The breeze continued fair, for we were sailing under the southern trade-wind, and everything seemed to promise a quick passage to the coast of Brazil. I was myself gratified at our progress, for I looked upon every day as a week of misery, and every hour a day, not only to myself but to the poor creatures who lived only in torments, and by these torments daily died. Not daily, but hourly, I might almost say, were they dying; and the plunge of their bodies, as they were unceremoniously tumbled over the side, had become of as frequent occurrence as the ringing of the watch bells. Over the side were they pitched in all their ghastly nakedness—just as a dead dog would have been thrown—with not even a shot or a stone tied to them to sink their corpses below the surface of the water. On the contrary, many of their bodies, swollen in an unnatural manner after death, remained upon the surface of the sea, and could be seen in our wake bobbing up and down upon the waves that had been made by the keel of the vessel in her passage through the water! Never for a very long period was this awful spectacle before our eyes. Though oft repeated it was usually a short scene, and ended in an abrupt strife among the monsters of the deep, amid the foam and spray flung aloft by the violent strokes of their tails, until a cloud seemed to rest over the spot, concealing the hideous struggle underneath. Then as this cloud slowly settled away, it could be seen that a human form was no longer there, but in its place might be observed some mangled remains, with the sail-like fin of the shark projected above the surface or gliding rapidly through the water.

This, at first, had been a painful spectacle to me, whilst, incredible to relate, it afforded only amusement to the crew of the Pandora. But in a short while, it had been so oft repeated that it ceased to interest them even as a momentary diversion; and I—my heart growing, not hardened, I hope, but only practised to bear the pain—was less every day touched with the hideous spectacle.

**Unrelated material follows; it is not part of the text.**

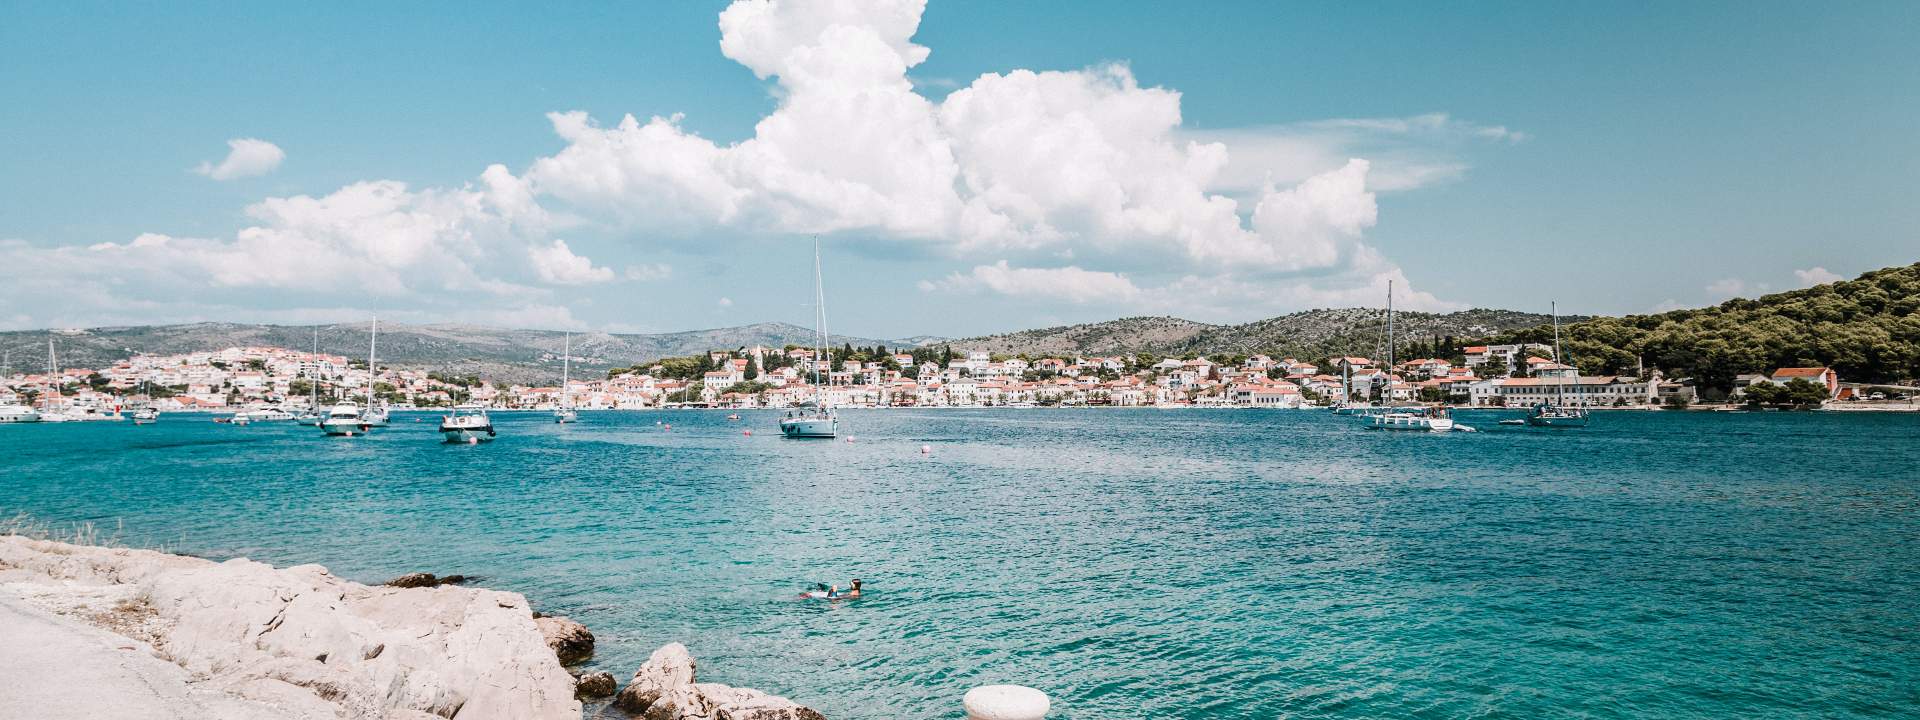 Segeln Sie mit mehreren Booten auf den dalmatinischen Inseln

I had infinite opportunities of observing the habits of those sea-monsters, the sharks. Many of them, I have no doubt, had followed us all the way from the African coast, for there were several with whose aspect I had grown familiar, from having noticed them day after day. Indeed several of them were marked by the cicatrices of old wounds, which probably they had received in encounters with antagonists of their own species, or in battles with some other voracious monsters of the deep. By these scars was I enabled to distinguish more than one; and I am certain they had followed us all the way, for I had noticed some of the marked individuals as we sailed out of the Gulf. I had observed, too, that there were several kinds of them, though the sailors took little notice of the distinction, calling them all by their well-known characteristic name of “sharks.” Indeed, my own observations of them were not very minute or scientific. I had too much upon my mind, as well as upon my hands, to direct any thoughts beyond the boundaries of the vessel; and it was only at intervals that I gave any attention to the sea or its finny inhabitants. One thing I could not help observing, and that was, that the number of the sharks had daily increased, and kept increasing; and now, at the end of two weeks, they could be seen around the barque in dozens—sometimes gliding across her course, and sometimes running in the same direction, like a shoal of porpoises! At other times they would be seen all around the vessel, looking up at her sides as though they would leap aboard, and glaring greedily with their eyes, like hungry dogs expecting a bone to be thrown them.

To one not accustomed to it, it would have been a fearful sight; but, along with the rest, I had grown so used to these demonstrations that I could look upon them without the slightest feeling of concern.

But to return to the relation of that fearful calamity I have promised to describe.